Return the full listing unchanged, excluding any images it contains.

BEGIN Available data

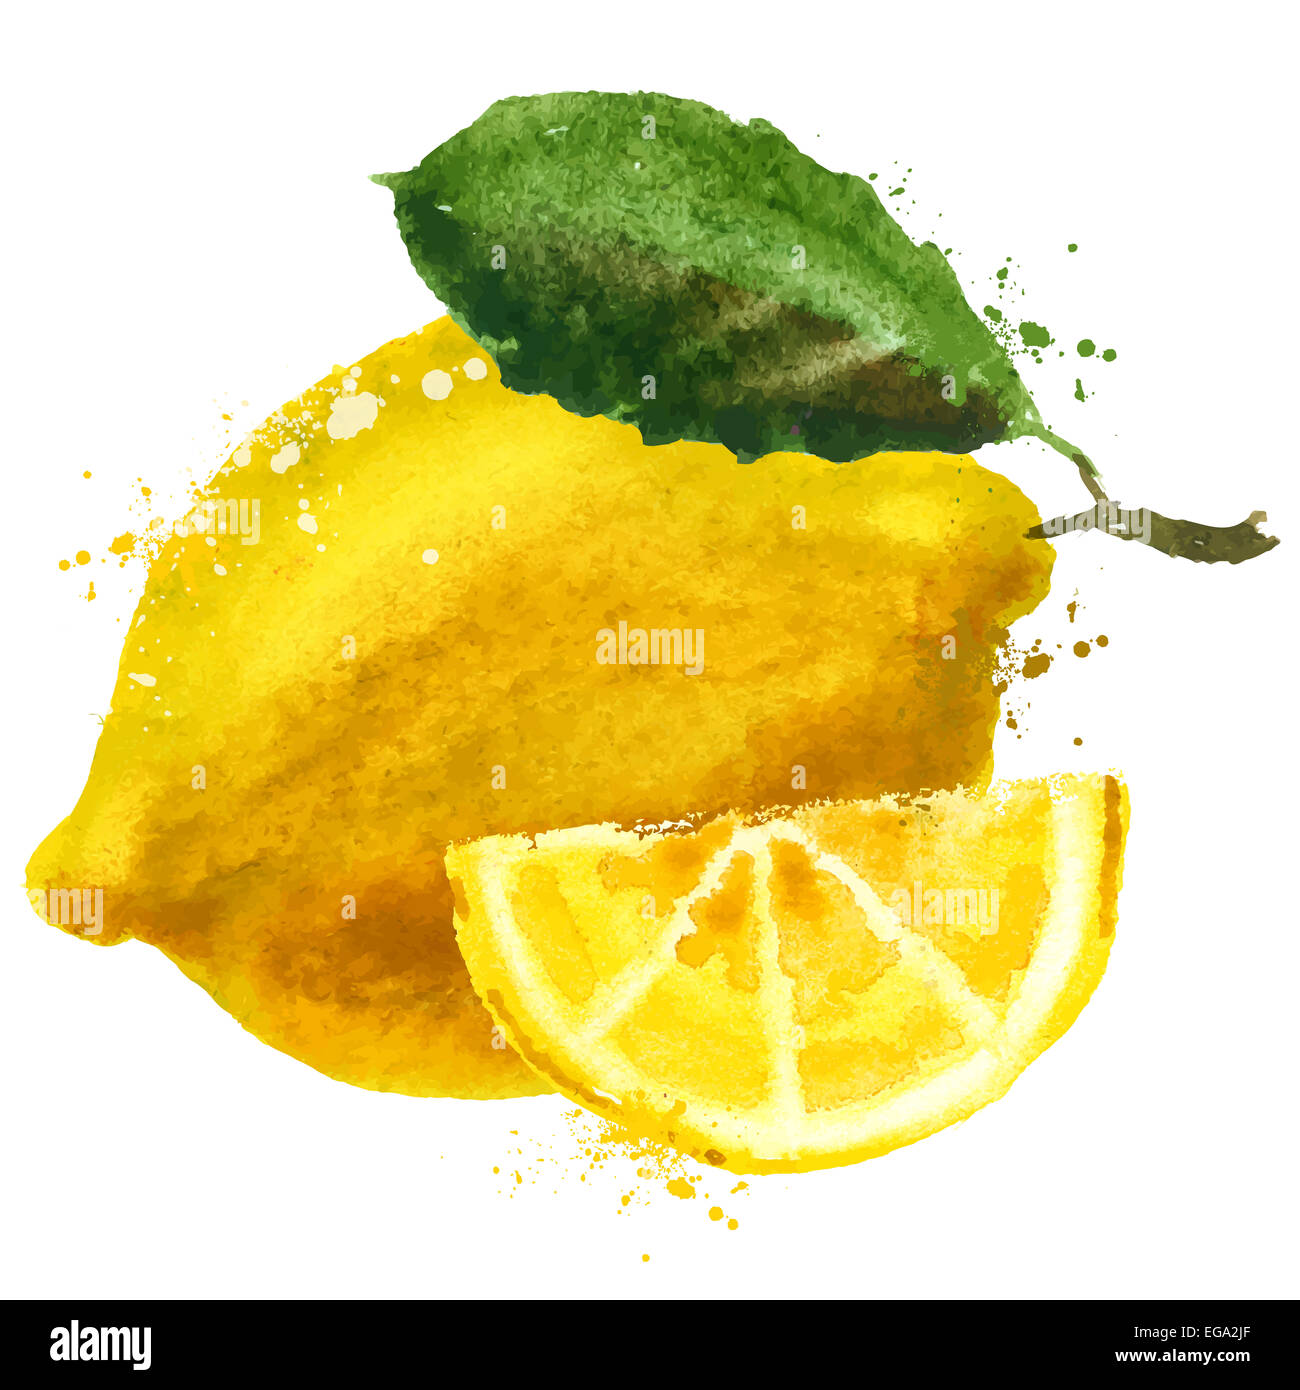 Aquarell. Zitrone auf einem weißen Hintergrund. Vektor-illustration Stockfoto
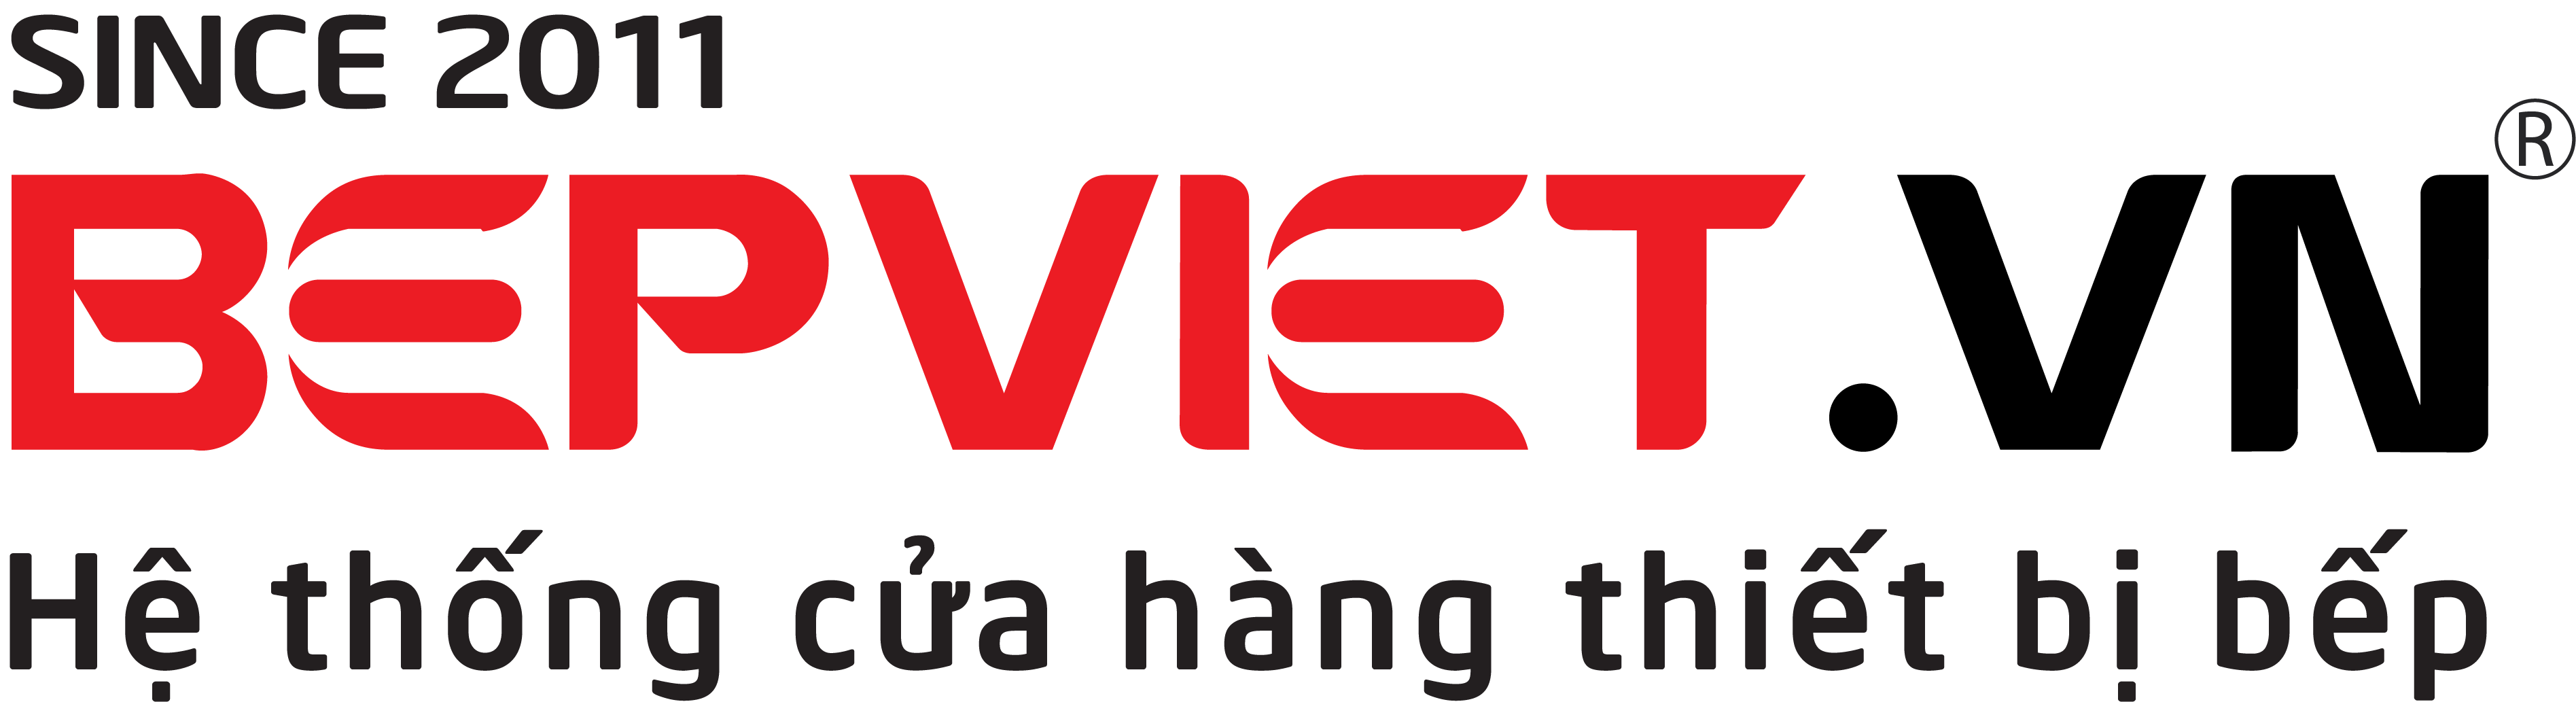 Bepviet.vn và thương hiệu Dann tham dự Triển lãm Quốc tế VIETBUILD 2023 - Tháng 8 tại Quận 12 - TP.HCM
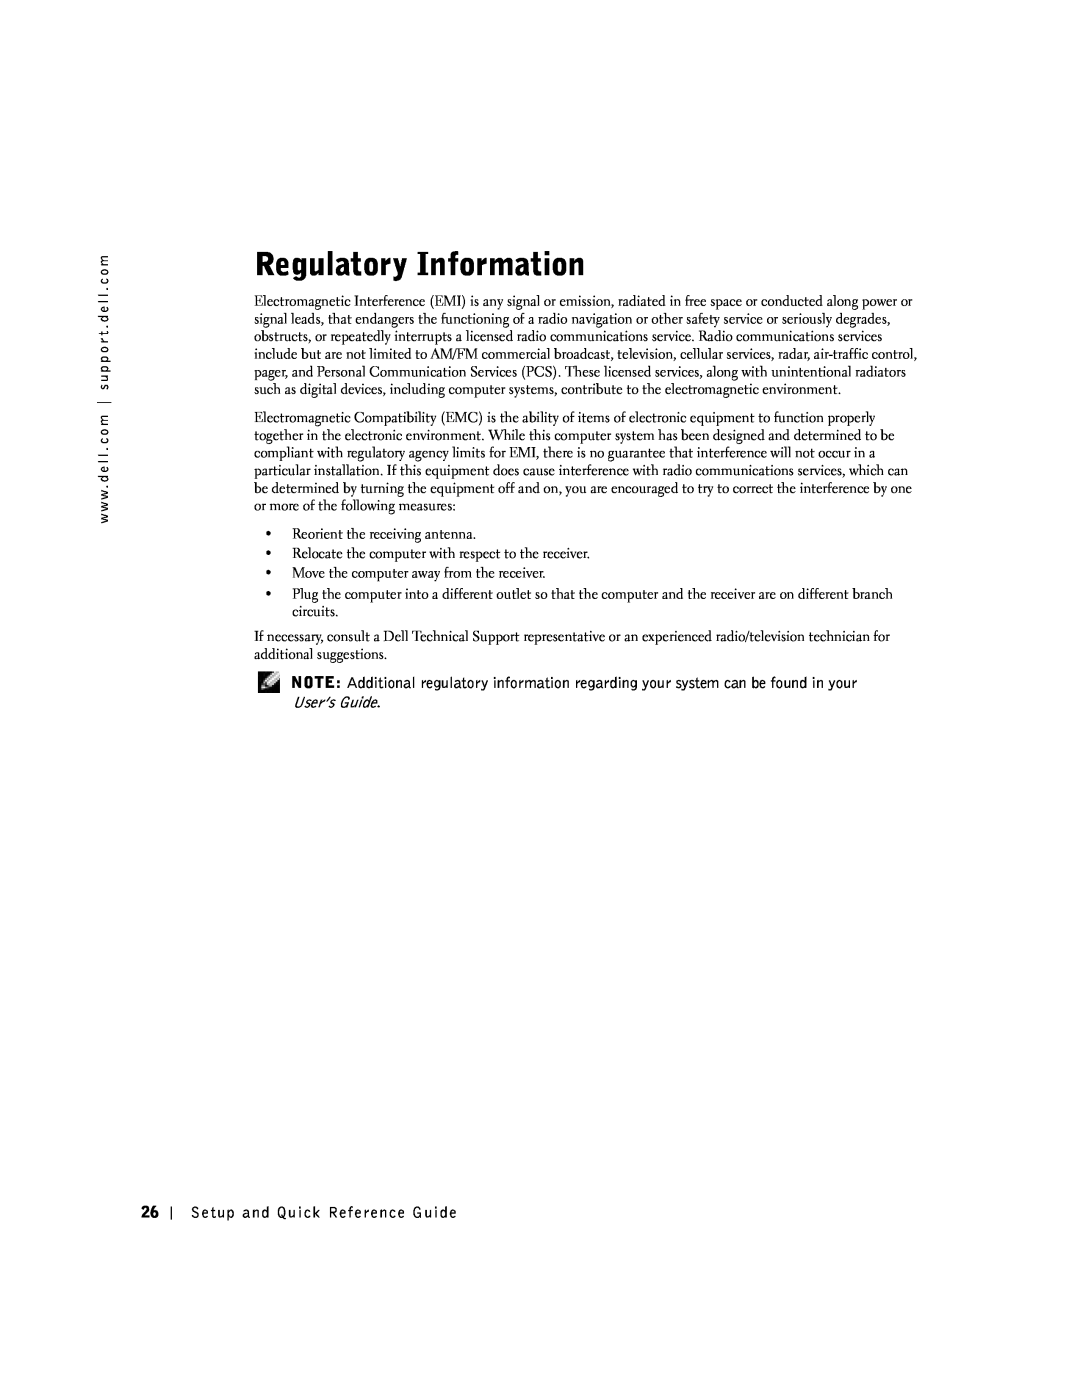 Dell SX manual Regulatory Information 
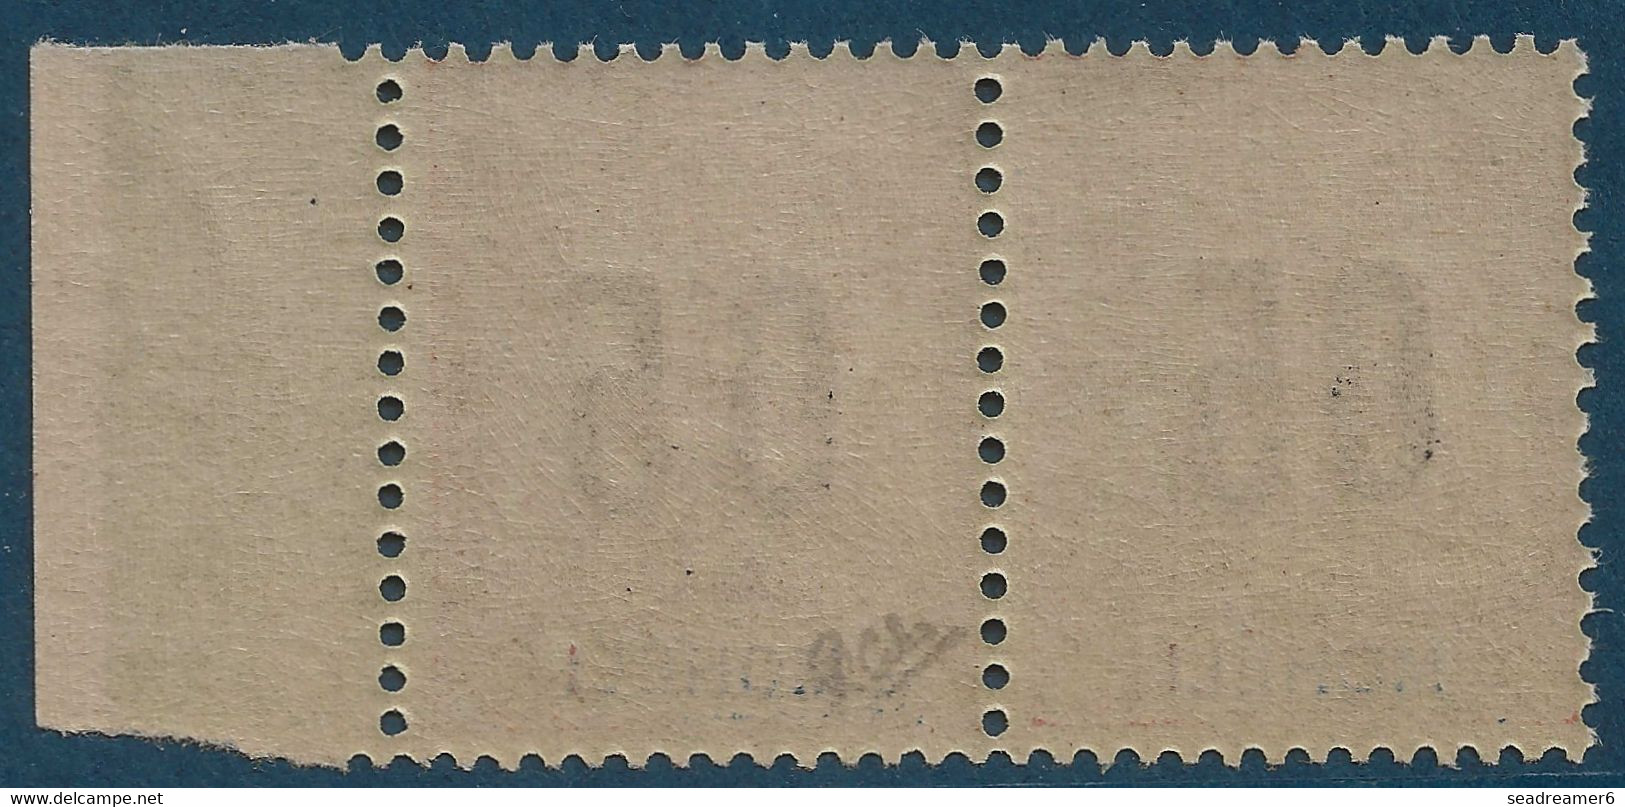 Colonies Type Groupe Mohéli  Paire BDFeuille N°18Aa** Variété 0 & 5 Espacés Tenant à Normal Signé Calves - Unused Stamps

END Available data

Your response:
 Aquarell. Zitrone auf einem weißen Hintergrund. Vektor-illustration Stockfoto
 Bepviet.vn và thương hiệu Dann tham dự Triển lãm Quốc tế VIETBUILD 2023 - Tháng 8 tại Quận 12 - TP.HCM
 Dell SX manual Regulatory Information 
 Colonies Type Groupe Mohéli  Paire BDFeuille N°18Aa** Variété 0 & 5 Espacés Tenant à Normal Signé Calves - Unused Stamps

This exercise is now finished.